Carlo Sciarrone

Personal information
- Date of birth: 17 November 1983 (age 41)
- Place of birth: Genoa, Italy
- Height: 1.91 m (6 ft 3 in)
- Position(s): Goalkeeper

Youth career
- 2002–2003: Viterbese

Senior career*
- Years: Team / Apps / (Gls)
- 2003–2005: Chieti / 18 / (0)
- 2005–2007: Udinese / 0 / (0)
- 2007–2008: Massese / 26 / (0)
- 2008–2010: Gallipoli / 22 / (0)

= Carlo Sciarrone =

Italian footballer (born 1983)

Carlo Sciarrone (born 17 November 1983) is an Italian footballer who plays as a goalkeeper.

==Career==
In July 2005, Sciarrone was signed by Udinese, serving as the club's third-choice goalkeeper behind Morgan De Sanctis and Gabriele Paoletti.
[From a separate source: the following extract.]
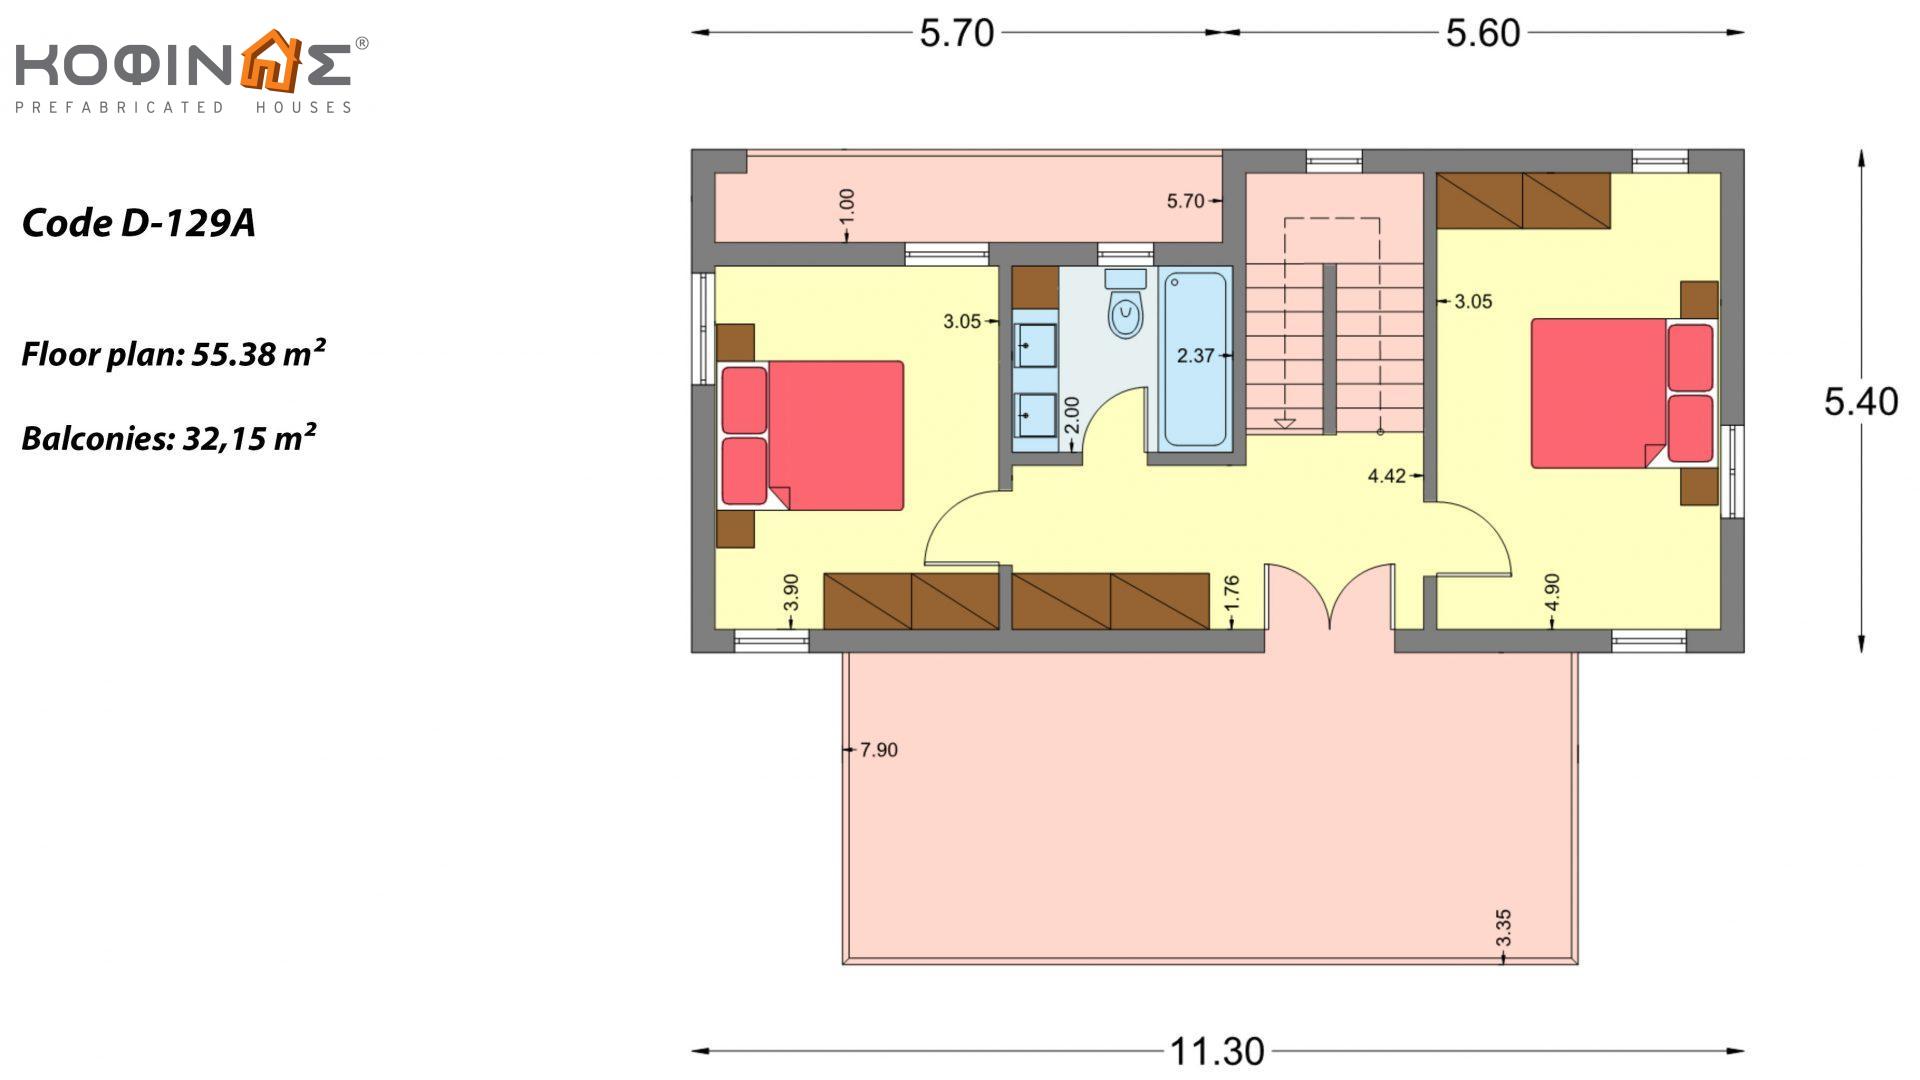 2-story house D-129A, total surface of 129,45 m²,roofed areas 13.39 m²,balconies 32.15 m²
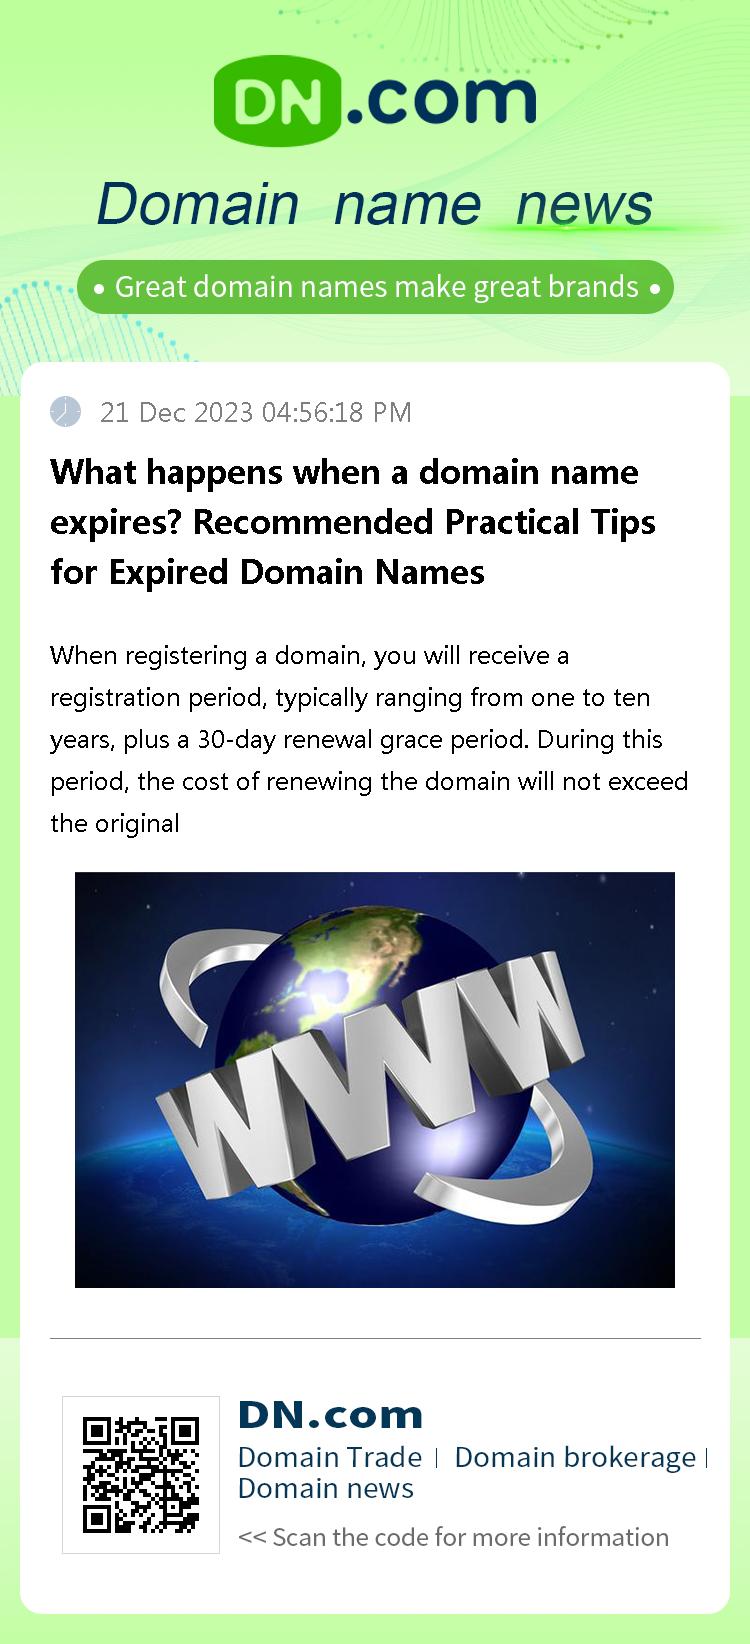 What happens when a domain name expires? Recommended Practical Tips for Expired Domain Names

In summer 2007, he left for Massese in a co-ownership deal. The following season, he was signed by Gallipoli. He played twice throughout the season for the eventual Prima Divisione champions, behind Generoso Rossi. In the next season, he shared the first choice goalkeeping spot with Jan Koprivec and was backed by Simone Palese who played in a 6–0 away defeat in the 2009–10 Coppa Italia.